04 August 2010 14:22 [Source: ICIS news]
LONDON (ICIS)--The flooding in northwest Pakistan, which has so far killed 1,400 people and affected 3m others, has also devastated rice paddy fields and severely limited interest in near-term fertilizer imports, sources said on Wednesday.
From an agricultural perspective, it had been expected that Pakistan would import upwards of 400,000 tonnes of diammonium phosphate (DAP) and announce further tenders for imported urea for arrival during 2010, but these plans have been put on hold due to the area’s worst flooding in 80 years, traders said.
“The floods have created a lot of damage to the agricultural belt of the country,” said one fertilizer importer.
“It's very difficult to ascertain the true extent of the damage, as water levels need to drop,” added the importer. “But the areas affected are major cash crop regions.”
The rice paddy has been the most seriously affected, with “major over-flooding” of the fields.
“Cotton has not been so badly affected, but we need to wait and see,” said the importer.
The importer added: “What is apparent is that farmer sentiment is very low.

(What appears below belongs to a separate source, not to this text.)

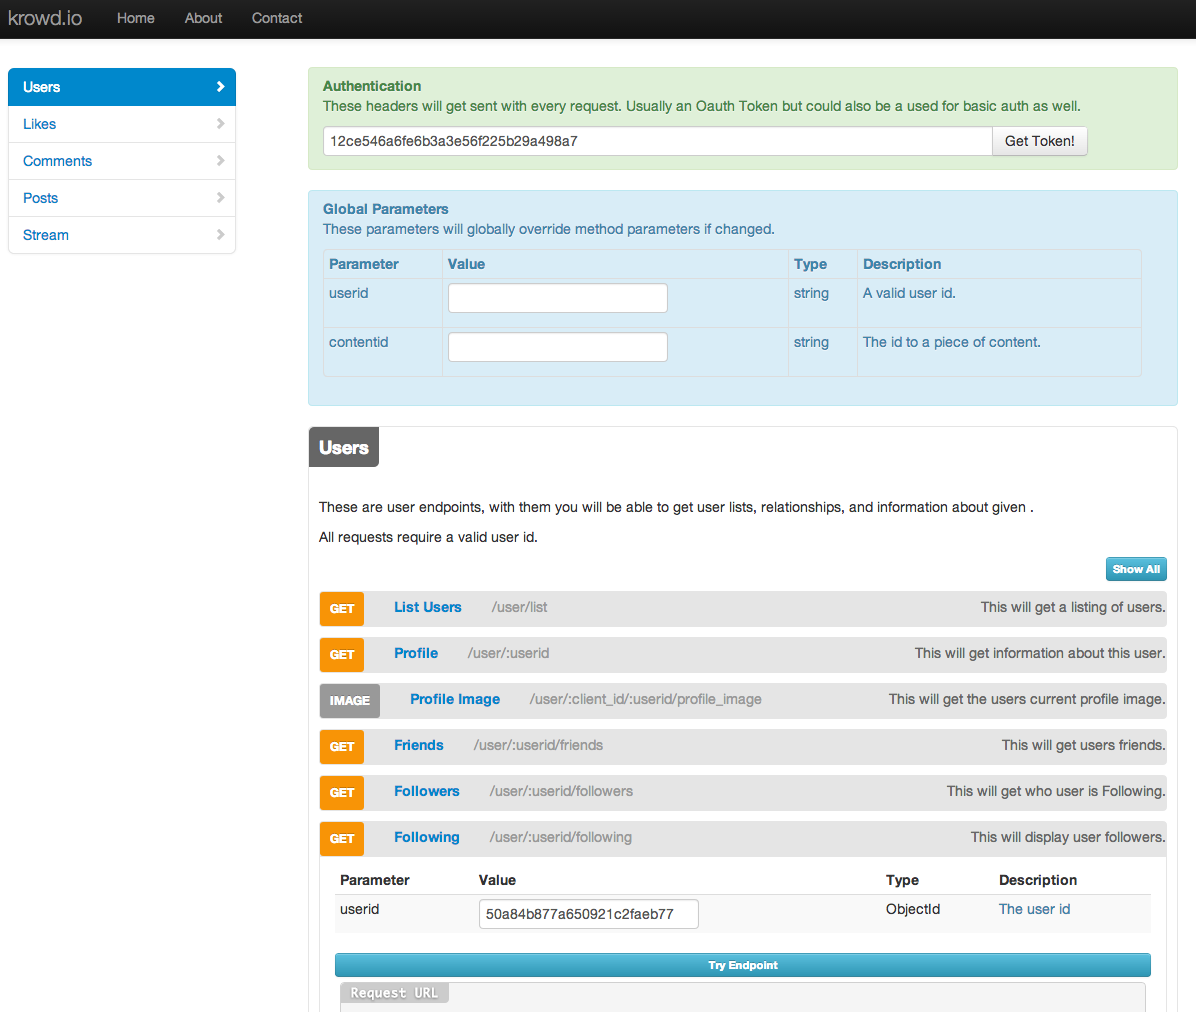 GitHub - krowdify/kaddy: A Bootstrap API explorer configured

Fertilizer sales in the country are at very low levels and there is no traction in the market [to buy product].”
Traders had expected import demand for DAP to return in August in preparation for the rabi season, which gets under way in October.
But it was clear that, due to the previous lack of rain in the country, Pakistan’s DAP imports (currently around 480,000 tonnes for 2010) would lead to substantial carryover into the beginning of the rabi season.
This, coupled with the lack of demand during kharif (April-September) due to flooding, had led several traders to revise down their estimate of kharif demand to 400,000-500,000 tonnes.
With availability at 800,000 tonnes (imports plus domestic production during kharif), this would likely lead to a carryover of 400,000-500,000 tonnes into the rabi season.
Pakistan normally imports 1m tonnes/year of DAP but sources have revised down this estimate considerably.
“This [flooding] will delay interest in DAP imports,” said the trader.
Said the importer: “You would have to be crazy to import product now.”
Urea fertilizer sales had also dropped, said the importer, leading to speculation that Pakistan would not enter the import market again this year.
Said the importer: “More rain is expected in the next few days although the situation is easing – but it is early days.”